As we have seen globally in recent years, the yearning for nationalism, for Germans and Americans who want to say “enough is enough” to immigrants, especially among dispossessed citizenry, erupts in a return to nationalism. This is a phantasy structure to return the the subjective containment that once was, a denial of the force of history, or as Carl Raschke has put it more genealogically, The Force of God.
Shifts toward animality and affective assemblages, toward biological and biopolitical analyses, present another move, importantly looking to causes and connections outside of subjectivity and debates about sovereignty. Didier Debaise has recently attempted to ground such thought by way of Whitehead’s critique of the bifurcation of nature at the outset of modernity in Nature as Event.
Other forms of the critique of sovereign-subject relationship exist in recent work as well. Eduardo Viveiros de Castro, a veteran of the 1968 generation, sees similar potential with Amerindian Perspectivism. Alain Badiou continues to theorize events and militancy. Joshua Ramey sees potential in the dividual self against Wendy Brown’s lament for the fraying of civil discourse.
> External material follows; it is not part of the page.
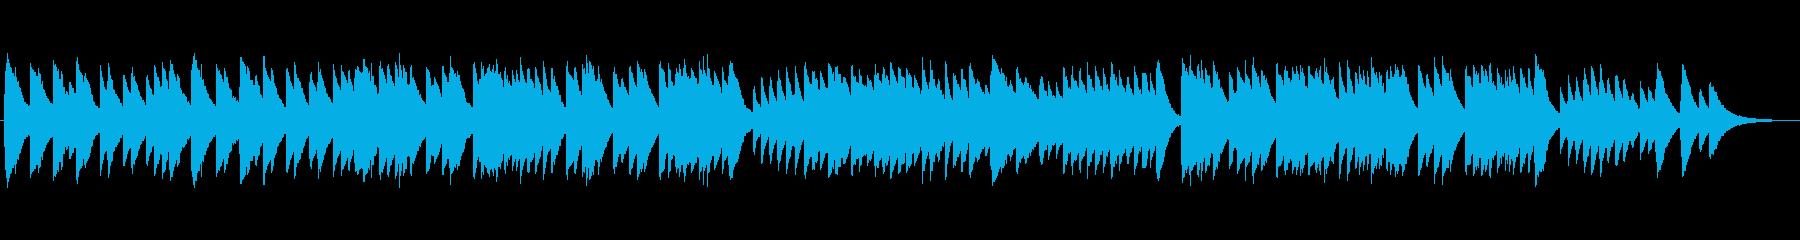 癒しのオルゴール/赤ちゃん/ペット/映像の再生済みの波形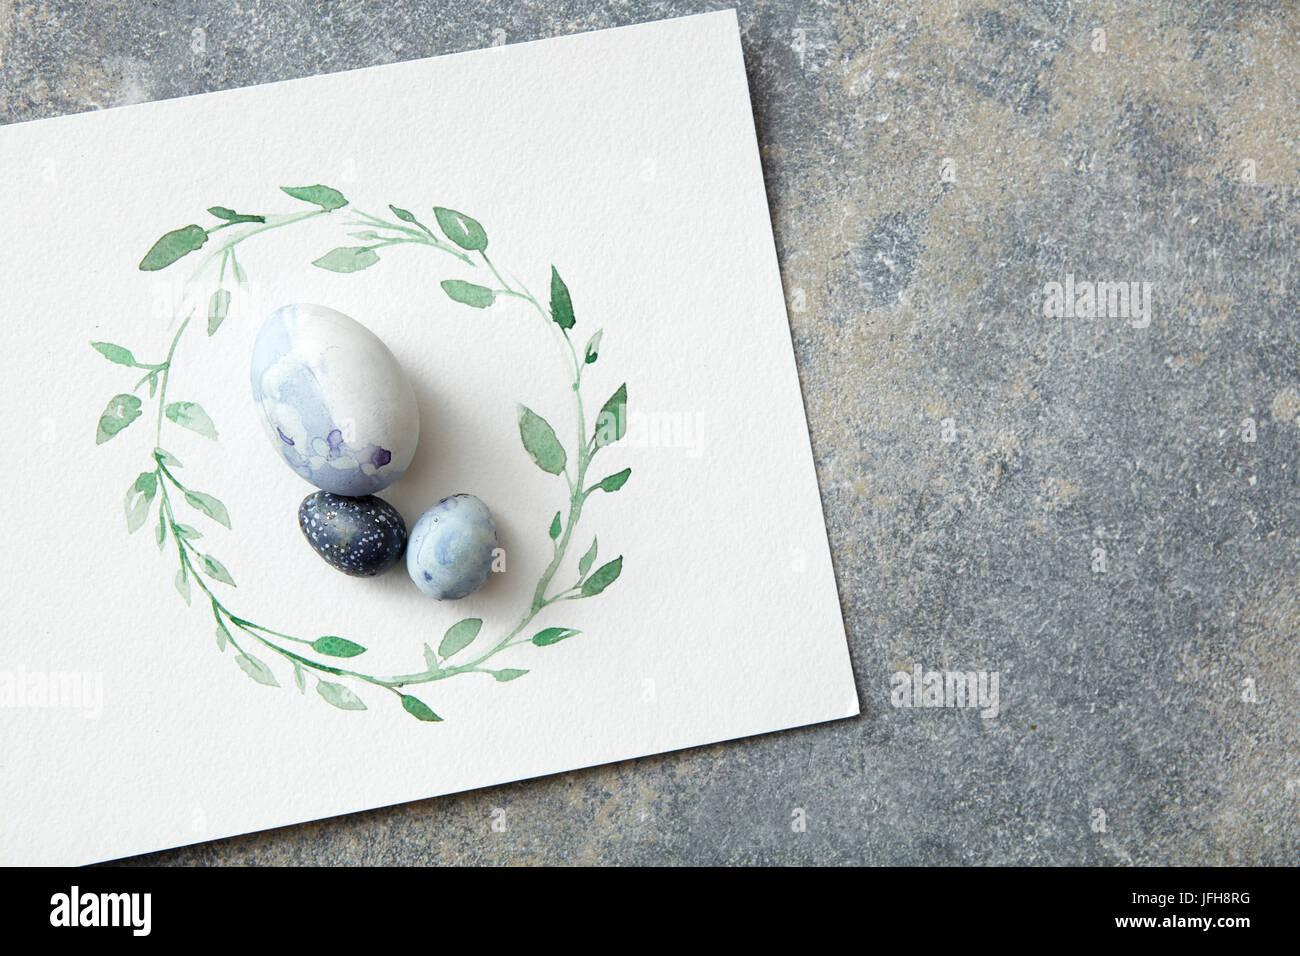 Los huevos de Pascua con hojas dibujadas a mano en papel Imagen De Stock

One big difference between now and 1968 is that a generation of people today were not erased by the violence of World War, even though the U.S. has been “at war” for most of the last two decades. There has been no C. Wright Mills passing the torch to a younger set of intellectuals.
Ta-Nehisi Coates comes to mind as his Between the World and Me echoes James Baldwin’s 1962 “Letter from a Region in My Mind,” which performs some of the tactical reversals suggested by Fanon. Tradition persists in thinkers like him. But certainly older liberal academics, as I’ve written elsewhere, seem to have missed the boat on initiatives such as Black Lives Matter, confusing an older and deeper lineage with mere neoliberal identity politics. Another way to see it is the affective and unconscious, intersubjective impulses from a long history of dispossession, and the inability for utopic conceptions of space to accommodate dispossessed people, or even own up to the past violence that perpetuates the production of wretchedness.
The legacy of 1968 continues to playout in critiquing the assumptions about subjectivity that underwrite rights-based culture during a time of crisis. We might ask ourselves what forms of self-violence we’ve been consciously or unconsciously asking for in order to capitalize on our experience. Beyond the personal as political, how is the automaton ennatured rather than naturalized?
Roger Green is general editor of The New Polis and a Lecturer in the English Department at Metropolitan State University of Denver. His work brings political theology into conversation with psychedelics and aesthetics. His doctoral dissertation, Beware of Mad John (2013) explores connections between political theology and psychedelic literature. He is currently working on a second PhD in Religious Studies and Theology at University of Denver and Iliff School of Theology.